Wednesday, January 11, 2012

Farthest Developing Galaxy Cluster Ever Found

 Using NASA's Hubble Space Telescope, astronomers have uncovered a cluster of galaxies in the initial stages of development. It is the most distant such grouping ever observed in the early universe.



he composite image at left, taken in visible and near-infrared light, reveals the location of five tiny galaxies clustered together 13.1 billion light-years away. The circles pinpoint the galaxies. The sharp-eyed Wide Field Camera 3 aboard NASA's Hubble Space Telescope spied the galaxies in a random sky survey. The developing cluster is the most distant ever observed. The young galaxies lived just 600 million years after the universe's birth in the big bang. (Credit: NASA, ESA, M. Trenti (University of Colorado, Boulder, and Institute of Astronomy, University of Cambridge, UK), L. Bradley (STScI), and the BoRG team)

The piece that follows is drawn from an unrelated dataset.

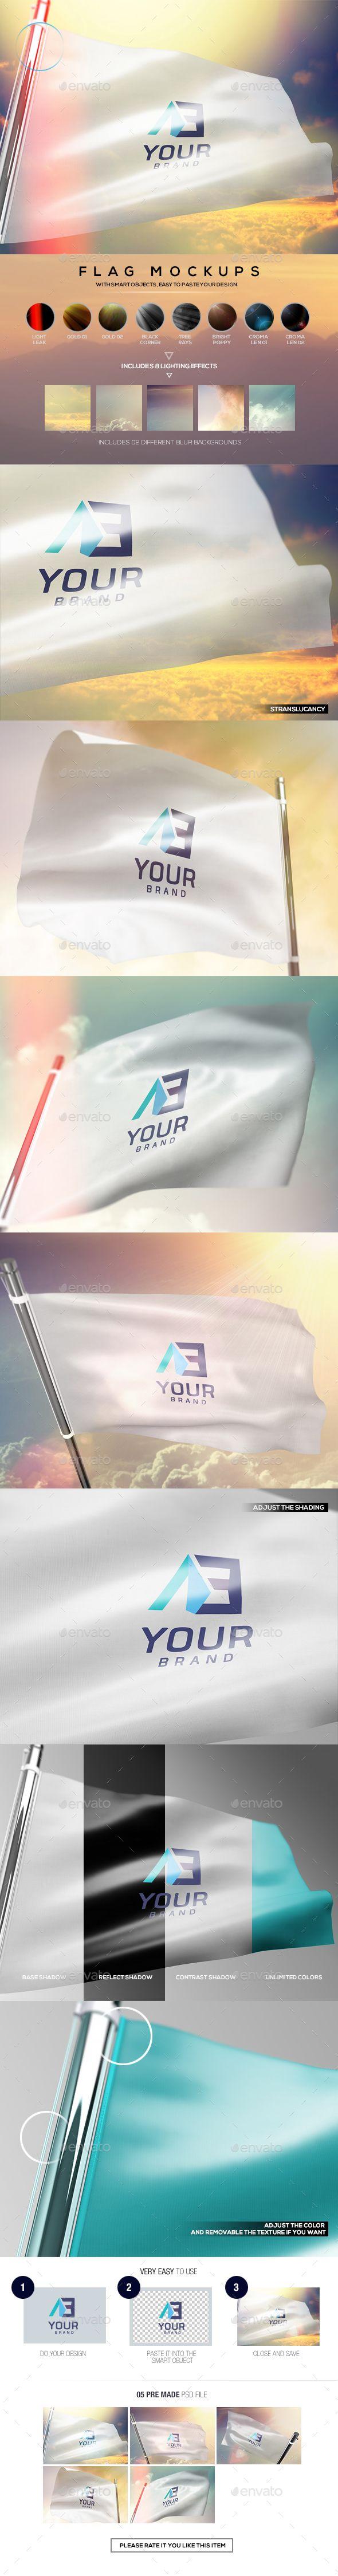 best 25 flags ideas on pinterest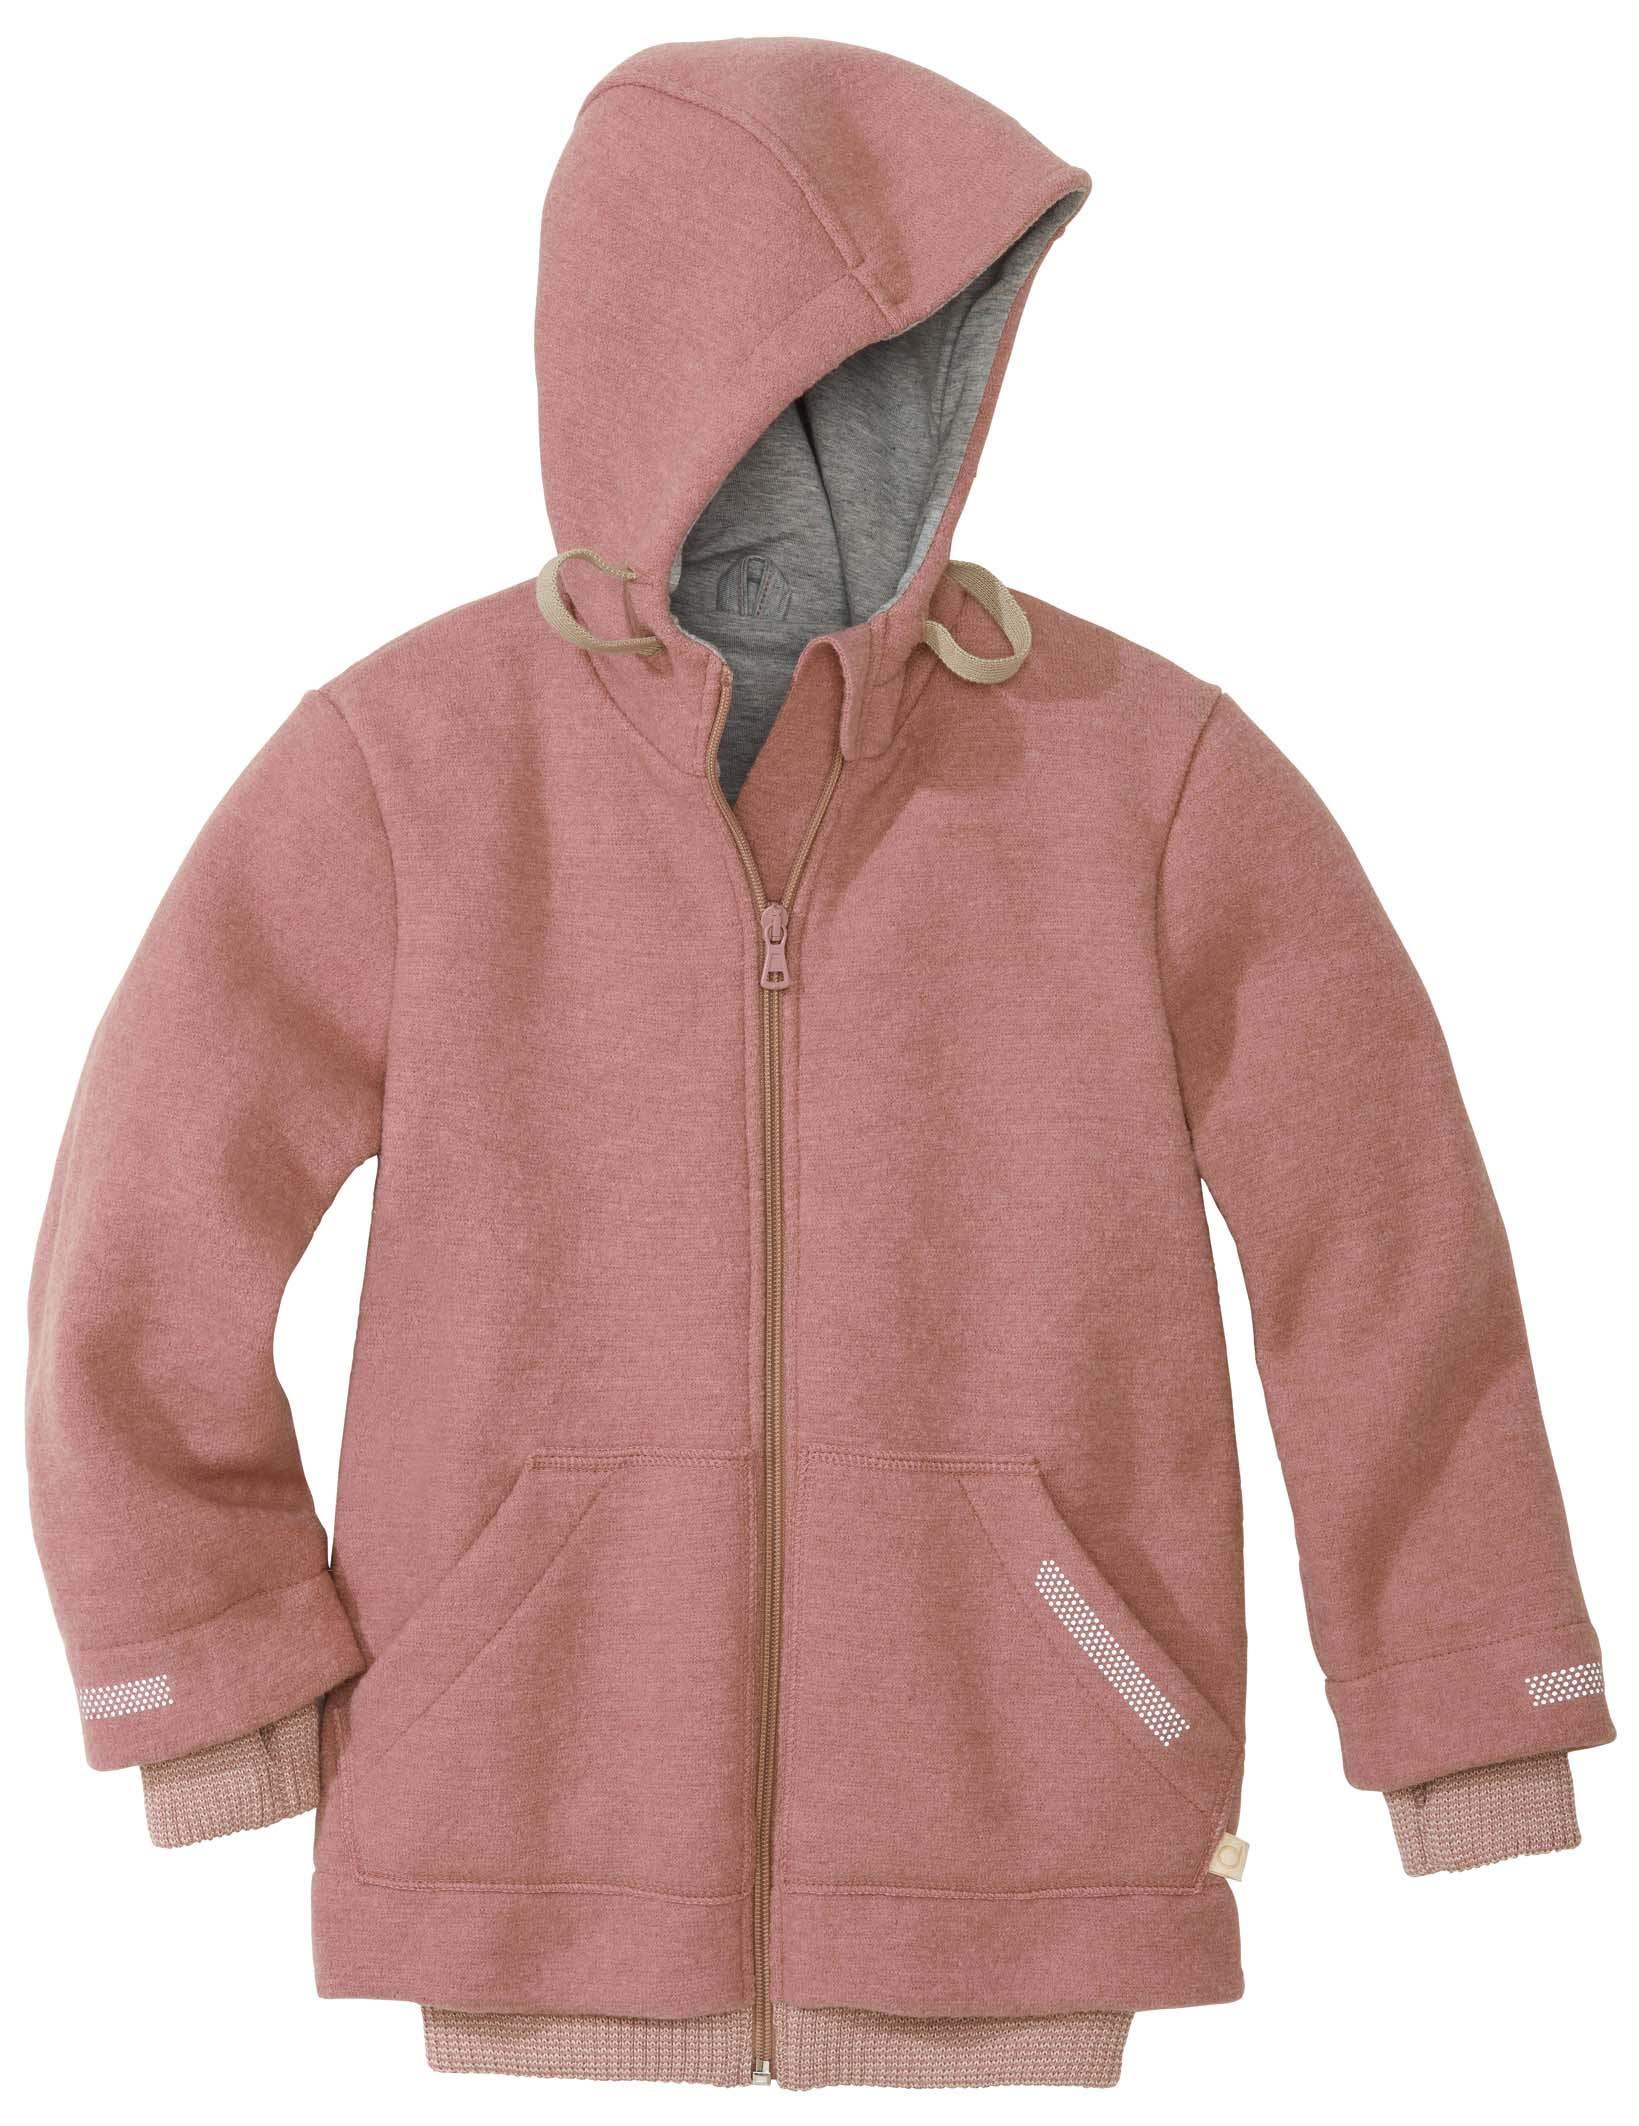 Disana Outdoor Jacket in Rose 100% Organic Merino Wool Made in Germany (110/116, Rose)

In a random sky survey made in near-infrared light, Hubble found five tiny galaxies clustered together 13.1 billion light-years away. They are among the brightest galaxies at that epoch and very young — existing just 600 million years after the big bang.
Galaxy clusters are the largest structures in the universe, comprising hundreds to thousands of galaxies bound together by gravity. The developing cluster, or protocluster, is seen as it looked 13 billion years ago. Presumably, it has grown into one of today's massive galactic cities, comparable to the nearby Virgo cluster of more than 2,000 galaxies.
"These galaxies formed during the earliest stages of galaxy assembly, when galaxies had just started to cluster together," said Michele Trenti of the University of Colorado at Boulder and the Institute of Astronomy at the University of Cambridge in the United Kingdom. "The result confirms our theoretical understanding of the buildup of galaxy clusters. And, Hubble is just powerful enough to find the first examples of them at this distance."
Trenti presented the results today at the American Astronomical Society meeting in Austin, Texas. The study will be published in an upcoming issue of The Astrophysical Journal.
Most galaxies in the universe reside in groups and clusters, and astronomers have probed many mature galactic cities in detail as far as 11 billion light-years away. Finding clusters in the early phases of construction has been challenging because they are rare, dim and widely scattered across the sky.
"We need to look in many different areas because the odds of finding something this rare are very small," said Trenti, who used Hubble's sharp-eyed Wide Field Camera 3 (WFC3) to pinpoint the cluster galaxies. "It's like playing a game of Battleship: the search is hit and miss. Typically, a region has nothing, but if we hit the right spot, we can find multiple galaxies."
Because the distant, fledgling clusters are so dim, the team hunted for the systems' brightest galaxies. These galaxies act as billboards, advertising cluster construction zones. From simulations, the astronomers expect galaxies at early epochs to be clustered together. Because brightness correlates with mass, the most luminous galaxies pinpoint the location of developing clusters. These powerful light beacons live in deep wells of dark matter, an invisible form of matter that makes up the underlying gravitational scaffolding for construction. The team expects many fainter galaxies that were not seen in these observations to inhabit the same neighborhood.
The five bright galaxies spotted by Hubble are about one-half to one-tenth the size of our Milky Way, yet are comparable in brightness. The galaxies are bright and massive because they are being fed large amounts of gas through mergers with other galaxies. The team's simulations show that the galaxies will eventually merge and form the brightest central galaxy in the cluster, a giant elliptical similar to the Virgo Cluster's M87.
These observations demonstrate the progressive buildup of galaxies. They also provide further support for the hierarchical model of galaxy assembly, in which small objects accrete mass, or merge, to form bigger objects over a smooth and steady but dramatic process of collision and collection.
The observations are part of the Brightest of Reionizing Galaxies survey, which uses Hubble's WFC3 to search for the brightest galaxies around 13 billion years ago, when light from the first stars burned off a fog of cold hydrogen in a process called reionization.
The team estimated the distance to the newly found galaxies based on their colors, but the astronomers plan to follow up with spectroscopic observations, which measure the expansion of space. Those observations will help the astronomers precisely calculate the cluster's distance and also will yield the velocities of the galaxies, which will show whether they are gravitationally bound to each other.